Читать «Л.Толстой и Достоевский» онлайн - страница 187

Дмитрий Сергееевич Мережковский

Таковы они в своем вечном противоречии и вечном единстве, – эти два демона русского Возрождения – тайновидец плоти, Л. Толстой, тайновидец духа, Достоевский; один – стремящийся к одухотворению плоти; другой – к воплощению духа. И именно в том, что их двое, что они – вместе (хотя они сами еще не сознают, что они вместе, и что не могут быть один без другого), заключается наша последняя и величайшая надежда.

Рафаэль, соединитель, или только желавший быть соединителем двух полюсов итальянского Возрождения, следовал за Леонардо и Микель-Анжело. Совершенно обратная тройственность в русском Возрождении: наш Рафаэль, Пушкин, предшествует Л. Толстому и Достоевскому, которые в своем сознании раздвоили и углубили то, что стихийно и бессознательно соединялось в Пушкине. Ежели религиозное созерцание Плоти у Л. Толстого – тезис, религиозное созерцание Духа у Достоевского – антитезис русской культуры, то не следует ли заключить, по закону «диалектического развития», о неизбежности и русского синтеза, который, по своему значению, будет в то же время всемирным, о неизбежности последнего и окончательного Соединения, Символа, высшей, чем у Пушкина, потому что более глубокой, религиозной, более сознательной гармонии?
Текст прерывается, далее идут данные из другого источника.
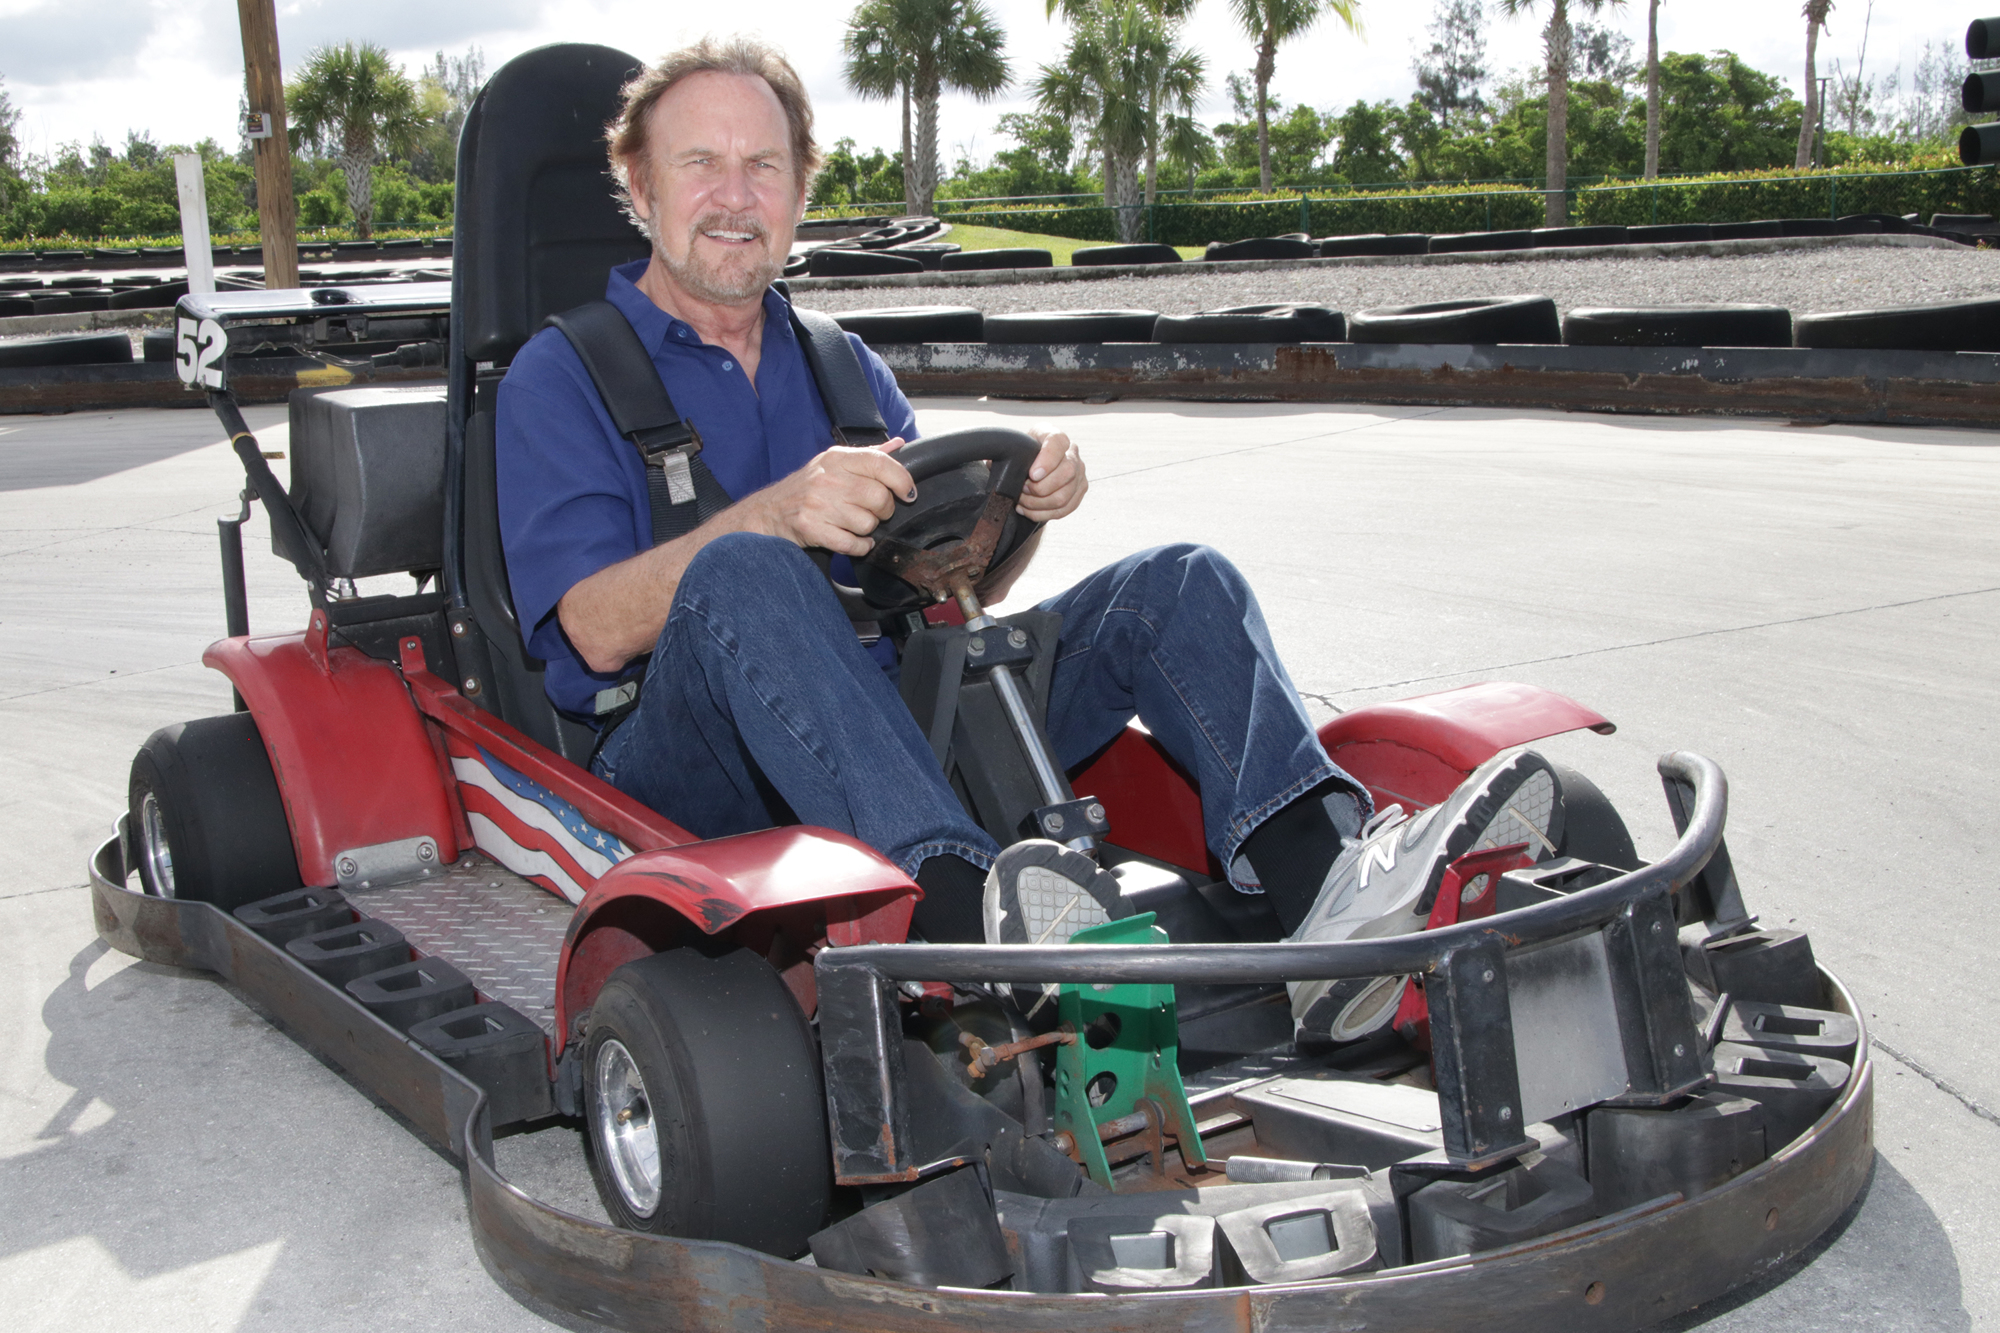 Zoomers is first and foremost a go-kart track, according to Mike Barnes. Jim Jett Photo

Сумеет ли разрешить это второе Возрождение то противоречие, которое не разрешило и от которого погибло первое?

Но при мысли о будущем нельзя не вспомнить и о настоящем русской культуры. И вот тут-то и начинаются наши сомнения, наши смирения.

Можем ли мы, в самом деле, скрыть от себя, что это настоящее более, чем печально, – что оно почти безнадежно. Трудно поверить, чтобы современная русская культура была та самая, которая за полтора века дала миру сразу, одно за другим, два таких явления, как Петр и Пушкин, а в следующие полвека – Л. Толстого и Достоевского. Трудно поверить, чтобы, едва за четверть столетия, почти на памяти нынешнего поколения, были созданы в России два самых великих произведения всей современной европейской литературы – «Анна Каренина» и «Братья Карамазовы». После этих двух высочайших точек, достигнутых русским духом, – какой внезапный обрыв, какой провал! Где сознательная культурно-историческая преемственность, где живые кровные связи, которые соединяли бы наше сегодняшнее с этим вчерашним? И действительно ли это наше вчерашнее, наши предки? Мы признаем их нашими; но согласились ли бы и они, в свою очередь, нас, таких, как мы теперь, признать не только своими потомками, но и своими наследниками? Не отказались бы они от этой чести? Что, если не оправдание, а осуждение наше именно в том, что у нас такие предки? Россия может гордиться своими гениями; но могут ли эти гении гордиться своею Россией – тою, которую увидели бы в нас?